To purify a GST-tagged fusion protein by affinity chromatography, the ligand used is glutathione (option D). This is because GST (glutathione S-transferase) is commonly used as a fusion tag in recombinant protein expression systems, and it has a high affinity for glutathione.

Explanation:

Affinity chromatography is a powerful technique used to purify proteins based on their specific binding interactions with ligands immobilized on a solid support. In the case of GST-tagged fusion proteins, the GST tag can be exploited for purification using a glutathione-based affinity chromatography method.

Glutathione:
Glutathione is a tripeptide composed of glutamate, cysteine, and glycine. The GST tag consists of the GST protein, which has a high affinity for glutathione. The binding interaction between glutathione and the GST tag is stable and specific, allowing for effective purification of GST-tagged fusion proteins.

Procedure:
The purification process involves the following steps:

1. Immobilization: Glutathione is covalently attached to a solid support, such as a chromatography resin or a column matrix. This immobilized glutathione will serve as the ligand for affinity chromatography.

2. Sample loading: The sample containing the GST-tagged fusion protein is applied to the column or resin containing the immobilized glutathione.

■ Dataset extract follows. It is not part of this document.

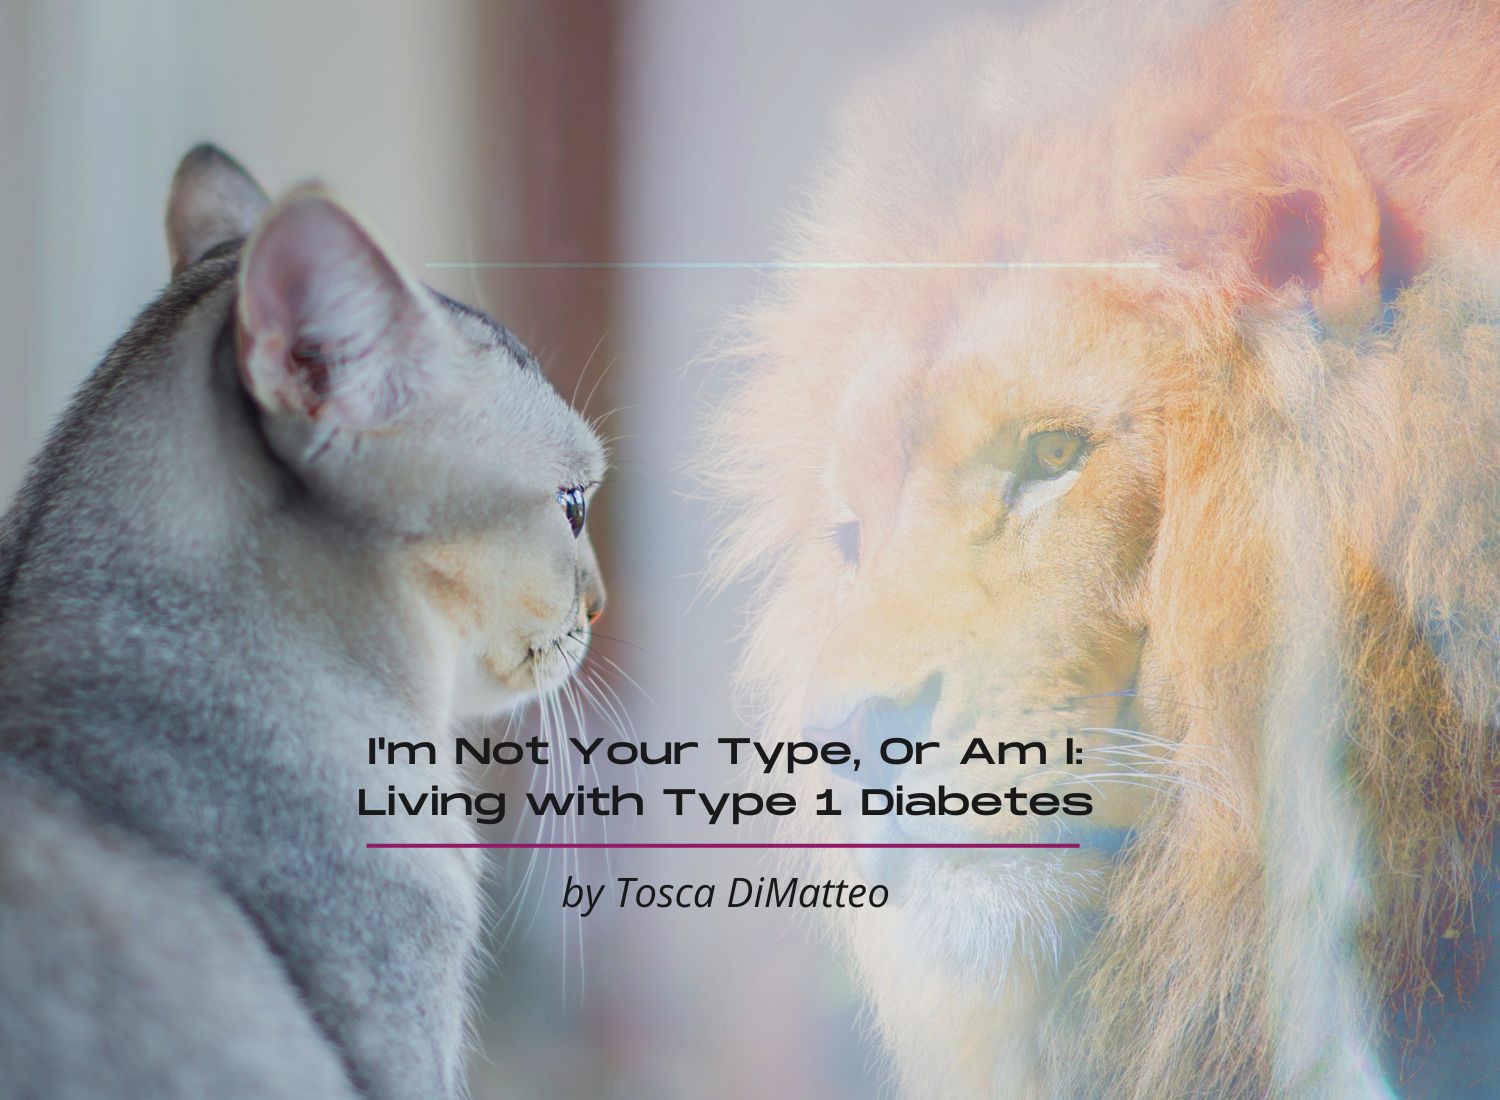 I’m Not Your Type, Or Am I: Living With Type 1 Diabetes
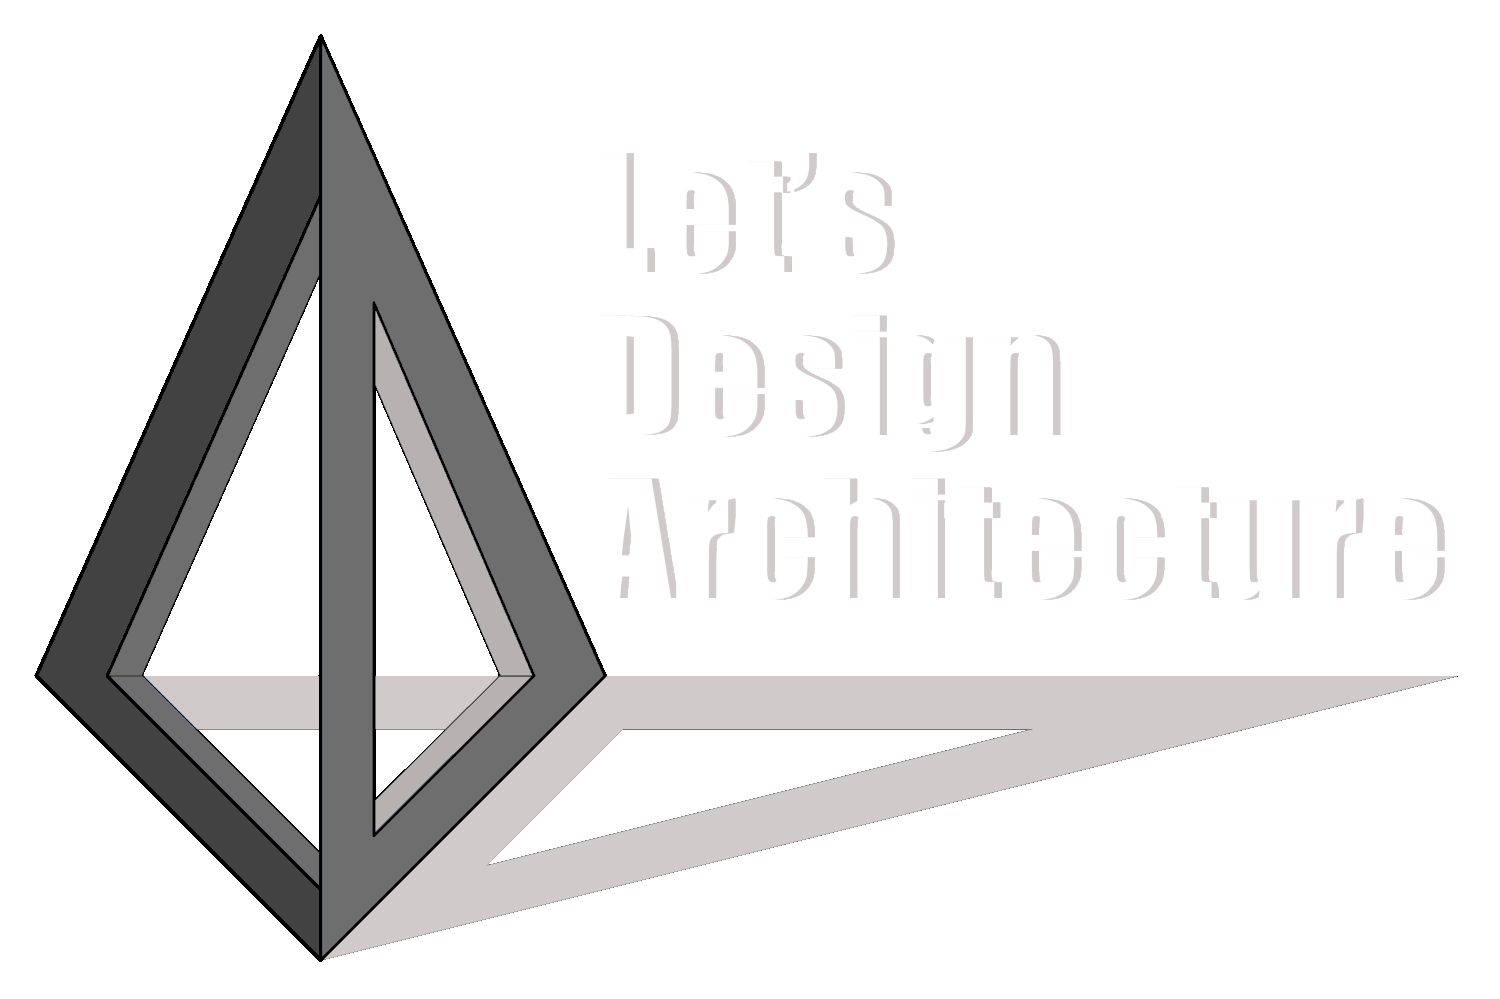 Let's Design Architecture Limited - Architectural Design Services based near Stowmarket, Suffolk

3. Binding: The GST tag binds specifically and tightly to the immobilized glutathione through the formation of a stable complex.

4. Washing: Non-specifically bound proteins and contaminants are washed away using a buffer solution. The GST-tagged fusion protein remains tightly bound to the glutathione ligand.

5. Elution: The GST-tagged fusion protein is then eluted from the column or resin by adding a solution containing excess free glutathione. The high concentration of free glutathione competes with the immobilized glutathione, disrupting the binding interaction and releasing the purified protein.

6. Collection: The eluted protein is collected and can be further analyzed or used for downstream applications.

Conclusion:
In conclusion, the ligand used in affinity chromatography to purify a GST-tagged fusion protein is glutathione. The strong and specific binding between glutathione and the GST tag allows for efficient purification of the fusion protein from a complex mixture of proteins.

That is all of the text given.